Thank you for sample codes. I made improved version.

import fs from "node:fs/promises";
import path from "node:path";

...

    {
      name: "remove-original-images",
      hooks: {
        "astro:build:done": async ({ dir }) => {
          const astroDir = path.join(dir.pathname, `_astro/`);
          const files = await fs.readdir(astroDir);

          for (const file of files) {
            const { name, ext } = path.parse(file);
            const { ext: hashStr } = path.parse(name);

            if (!ext) continue;
            if (!hashStr) continue;
            if (![`.jpg`, `.jpeg`, `.png`, `.webp`].includes(ext)) continue;
            if (hashStr.includes(`_`)) continue;

            console.log(`Removing original image: ${file}`);
            await fs.unlink(path.join(astroDir, file));
          }
        },
      },
    },

Optimized image seems to have {name}.{original hash}_{additinal hash}.{ext} . However, sadly, some {original hash} contain _ . Therefore, the above scripts wrongly detect these images as optimized and will not remove it.

jurajkapsz commented 4 days ago

Thanks guys for sharing the original image removal code. Probably you got it further improved by now, in any case here is my version as of now. I modified the matching algorithm to overcome the mentioned _ limitation and added support for reflecting the Astro _assets folder setting from AstroConfig itself because I myself have it customized.

I also added some logging so I know about interventions on the official build process. I went for a shorter integration name ROI just because of that; not sure about it, but the logs are more compact that way. Can be easily changed. Otherwise I tried to have my code human readable.

Finally, I narrowed the checked original image file formats for my use case as I don't expect to deliver web image formats (webp, avif, ...?) myself, but to have them generated for me.
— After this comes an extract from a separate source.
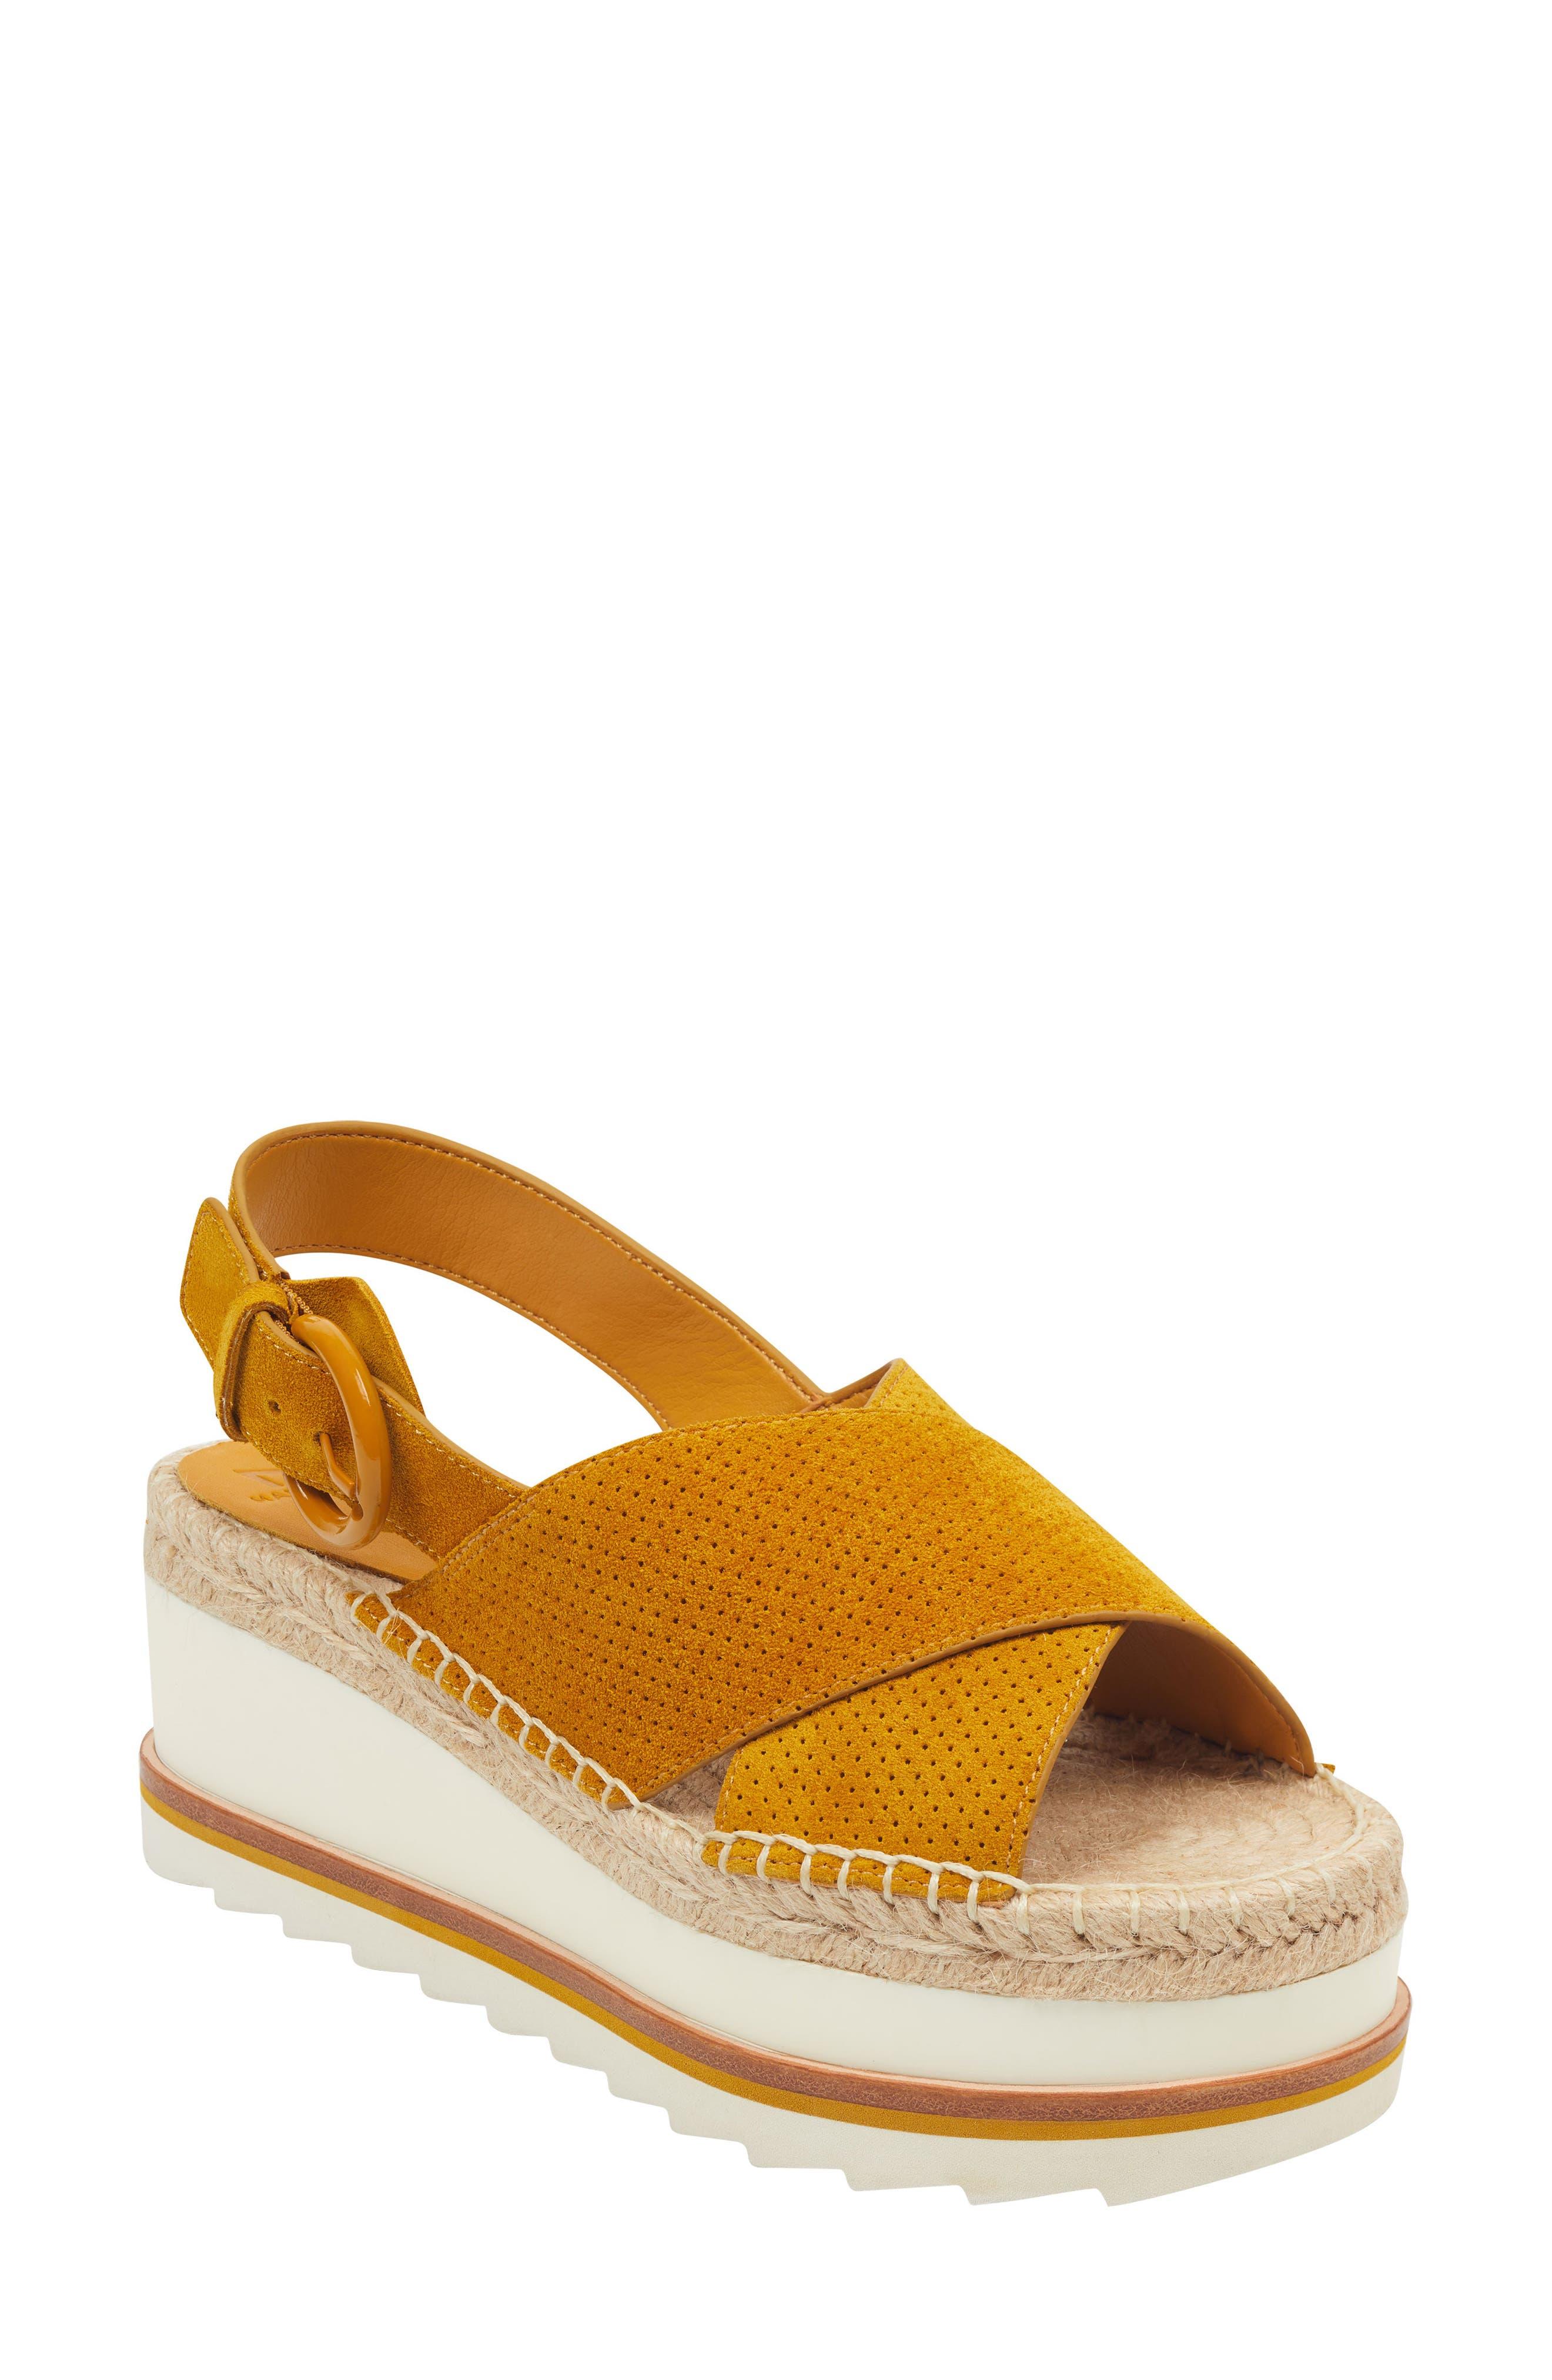 Marc Fisher Ltd Gellyn Slingback Sandal, Yellow

This can be changed in the formats array, as anything else.

// https://docs.astro.build/en/guides/imports/#node-builtins
import { readdir, unlink } from "node:fs/promises";
import path from "node:path";
import type { AstroIntegration, AstroConfig } from "astro";

// Inspired by https://github.com/withastro/astro/issues/4961#issuecomment-2322936873
function removeOriginalImages() {
  let astroConfig: AstroConfig;

  // Used to identify original image files
  const ORIGINAL_IMAGE_FORMATS = ["jpg", "jpeg", "png"] as const;
  // Regex pattern: `dot eight hash chars dot`
  const ORIGINAL_IMAGE_HASH_PATTERN = "\\.[a-zA-Z0-9_\\-]{8}\\.";

  const integration: AstroIntegration = {
    name: "ROI",
    hooks: {
      "astro:config:done": ({ config }) => {
        astroConfig = config;
      },
      "astro:build:done": async ({ dir, logger }) => {
        const astroAssetsDir = path.join(dir.pathname, astroConfig.build.assets);
        const files = await readdir(astroAssetsDir);

        let foundFilesCount = 0;
        let removedFilesCount = 0;

        for (const file of files) {
          const { ext } = path.parse(file);
          // Strip `ext` of dot also for use in upcoming regex match, as dots have special meaning
          const fileFormat = ext.slice(1);

          if (!(ORIGINAL_IMAGE_FORMATS as ReadonlyArray<string>).includes(fileFormat)) continue;

          // Match original image files by ending with single hash and extension
          const reOriginalImage = new RegExp(`${ORIGINAL_IMAGE_HASH_PATTERN}${fileFormat}$`);
          if (!reOriginalImage.test(file)) continue;

          foundFilesCount++;
          logger.warn(`Removing ${file}`);

          const result = await unlink(path.join(astroAssetsDir, file));

          if (isUnlinkSuccessful(result)) {
            removedFilesCount++;
          } else {
            logger.error(`Couldn't remove file ${file}`);
          }
        }

        if (foundFilesCount > 0) {
          logger.warn(`Removed ${removedFilesCount}/${foundFilesCount} files.`);
        }

        /** Helper function */
        function isUnlinkSuccessful(result: unknown): boolean {
          // https://nodejs.org/docs/latest-v20.x/api/fs.html#fspromisesunlinkpath
          return typeof result === "undefined";
        }
      },
    },
  };

  return integration;
}

export default removeOriginalImages;